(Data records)
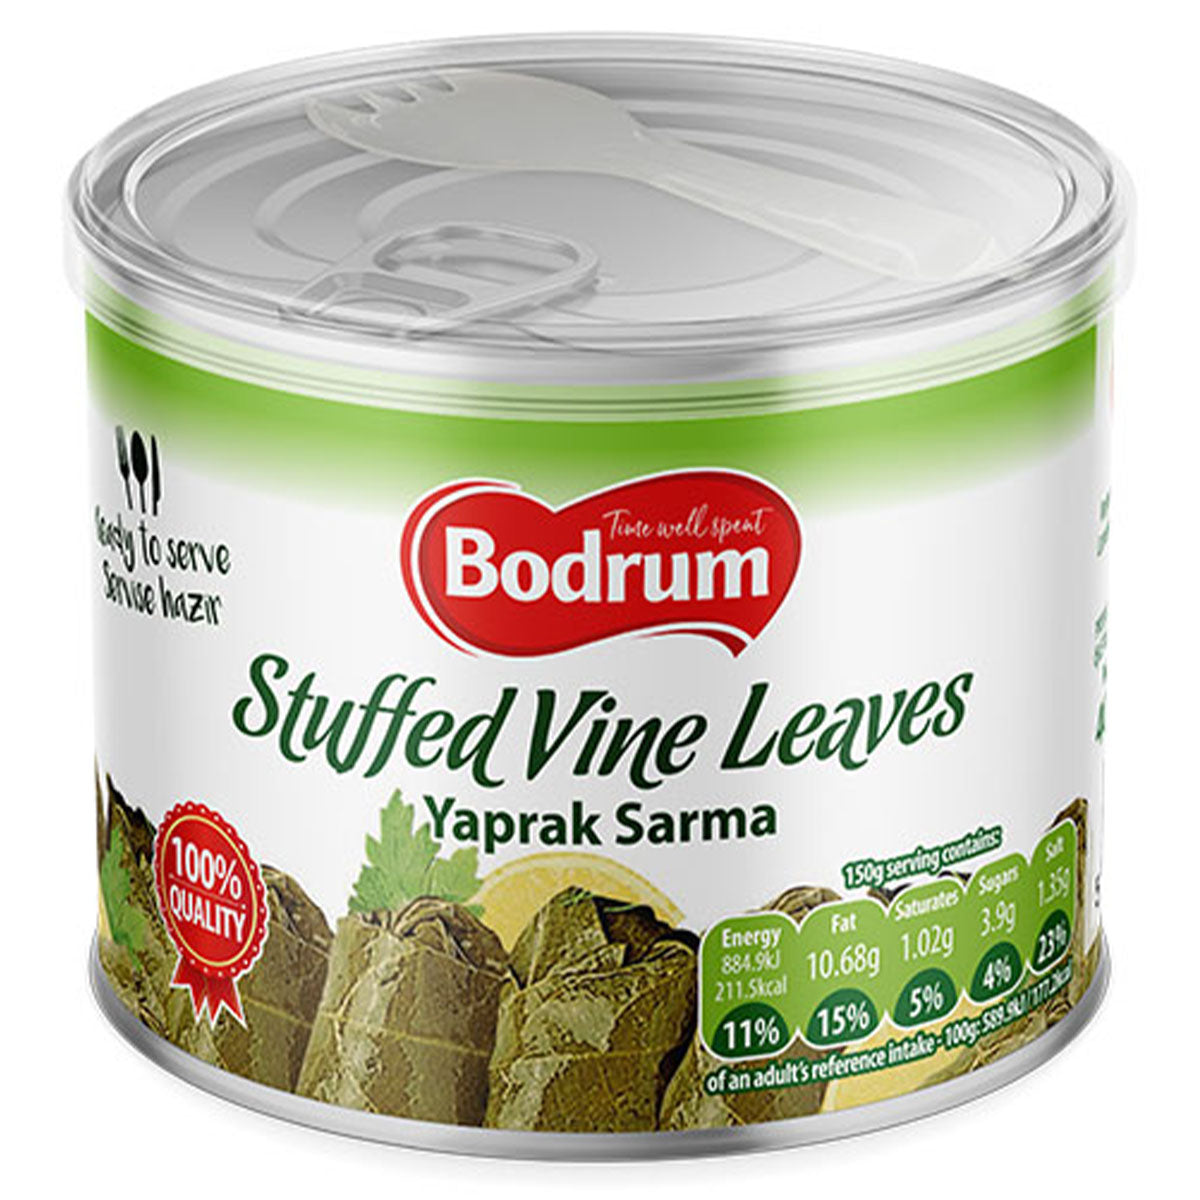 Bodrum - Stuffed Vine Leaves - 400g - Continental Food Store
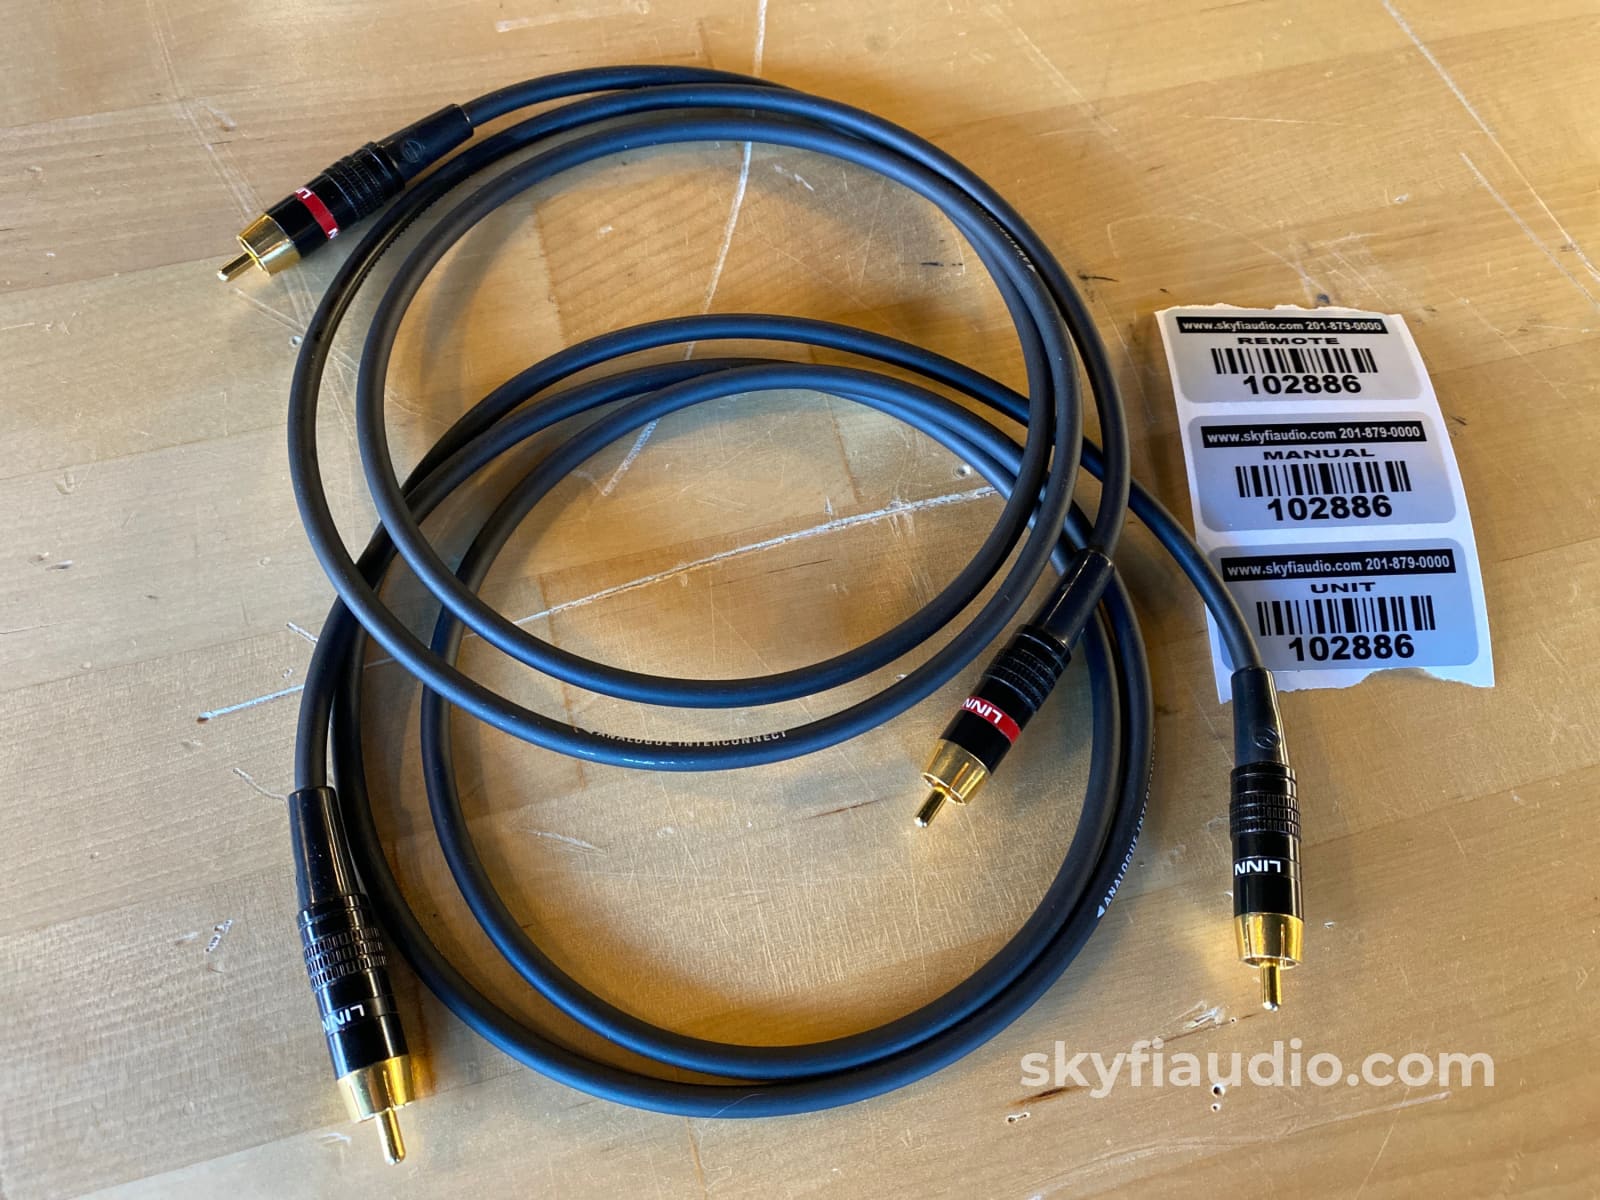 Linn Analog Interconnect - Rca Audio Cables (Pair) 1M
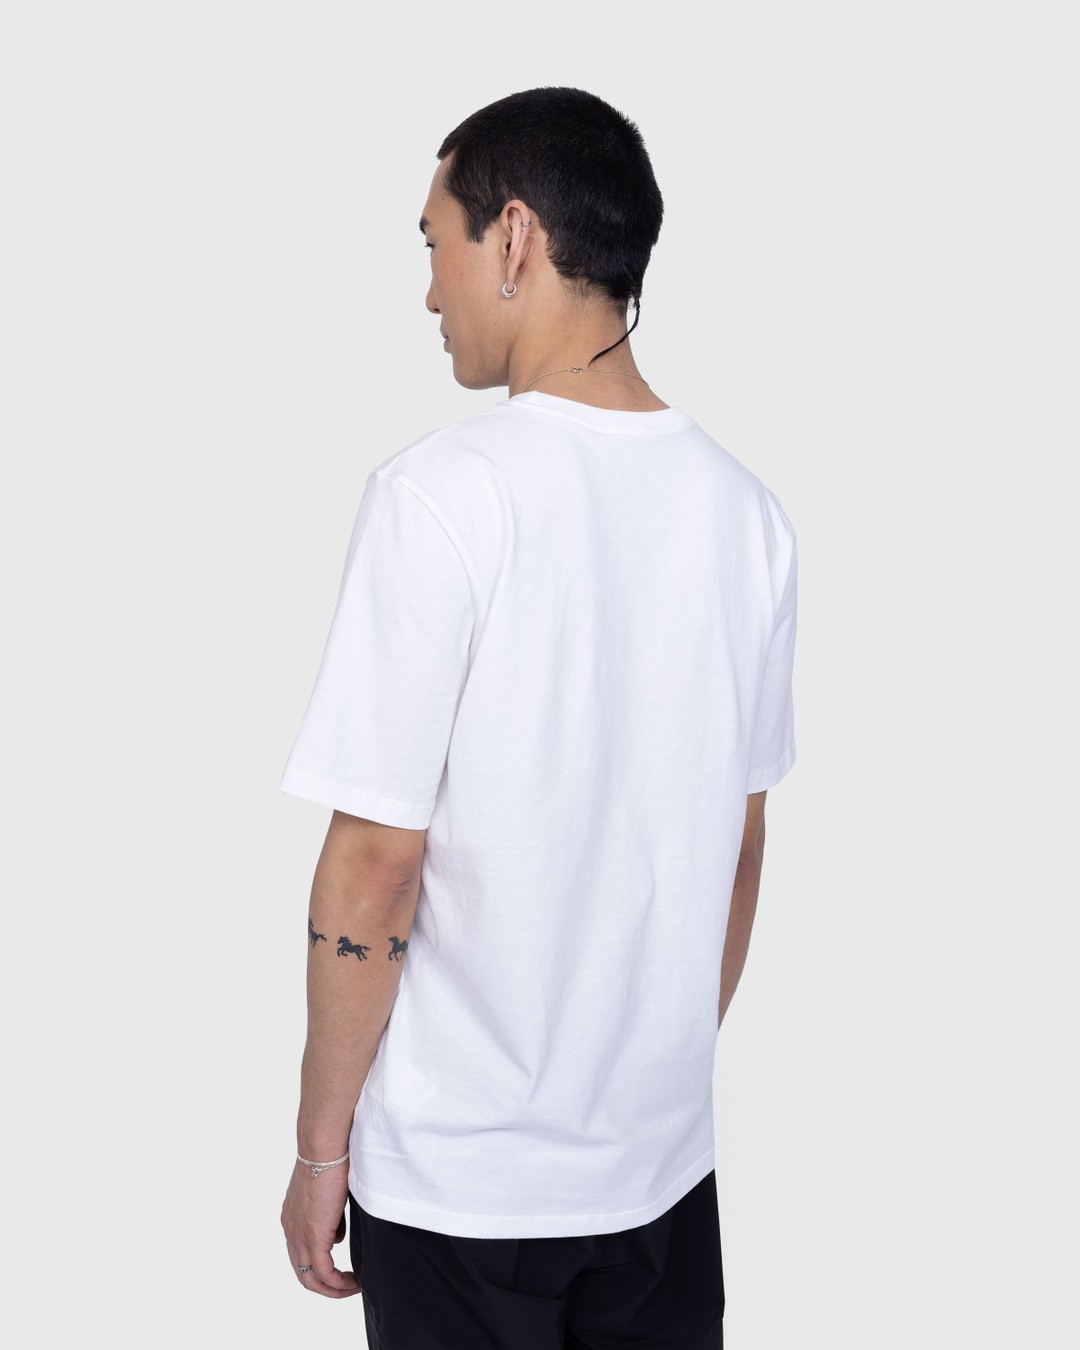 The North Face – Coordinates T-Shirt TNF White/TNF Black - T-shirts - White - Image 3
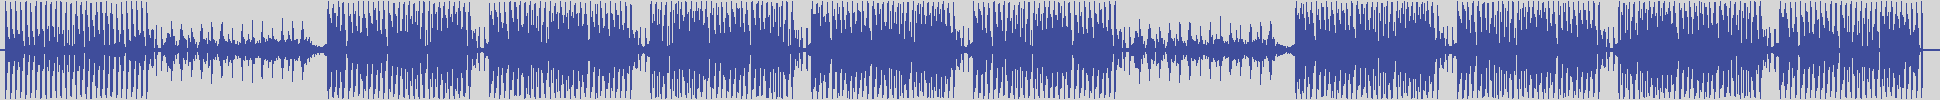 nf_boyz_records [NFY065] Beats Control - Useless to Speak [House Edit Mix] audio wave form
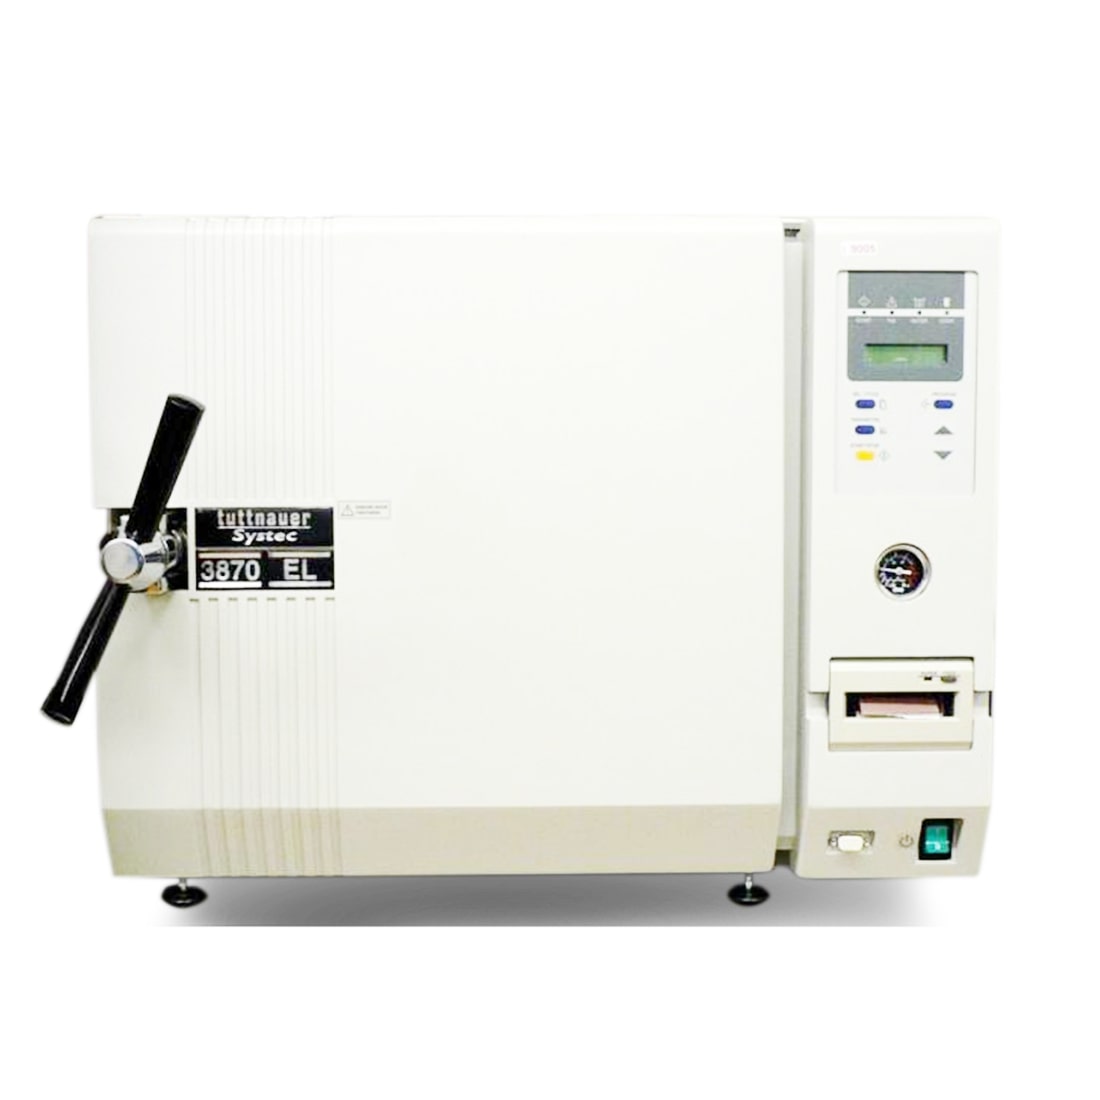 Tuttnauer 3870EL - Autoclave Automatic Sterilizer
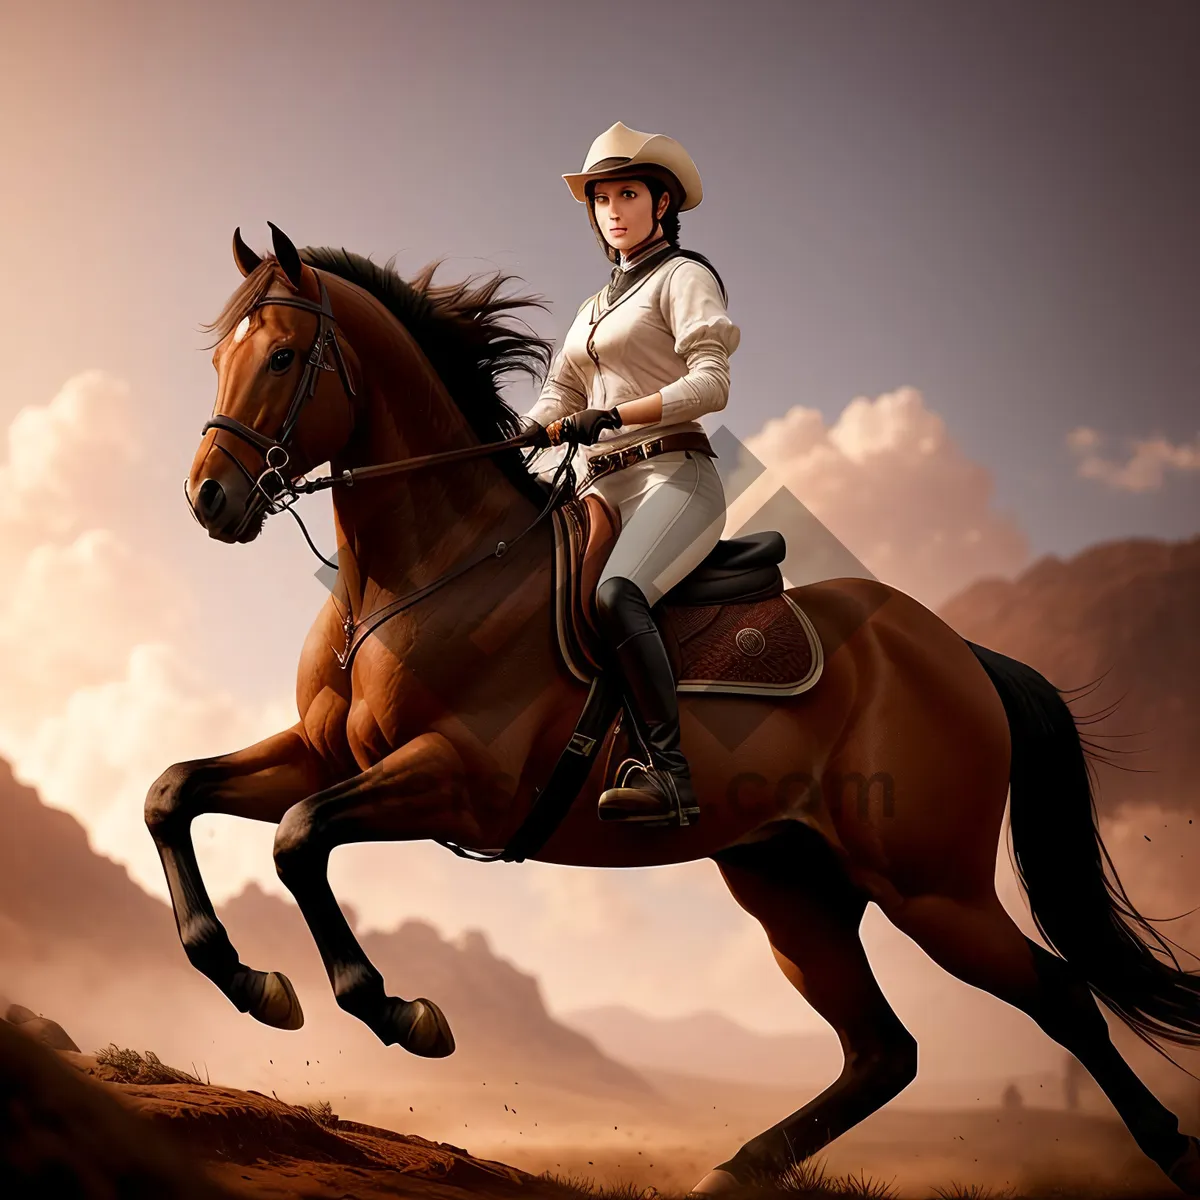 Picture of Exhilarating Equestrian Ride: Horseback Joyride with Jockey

• _PROMPT_
Copy out every entry above word for word; omit the images.

• _EXERCISE SOLUTION_
 Bodrum - Stuffed Vine Leaves - 400g - Continental Food Store
 Linn Analog Interconnect - Rca Audio Cables (Pair) 1M
 The North Face – Coordinates T-Shirt TNF White/TNF Black - T-shirts - White - Image 3
 nf_boyz_records [NFY065] Beats Control - Useless to Speak [House Edit Mix] audio wave form
 Tuttnauer 3870EL - Autoclave Automatic Sterilizer
 Picture of Exhilarating Equestrian Ride: Horseback Joyride with Jockey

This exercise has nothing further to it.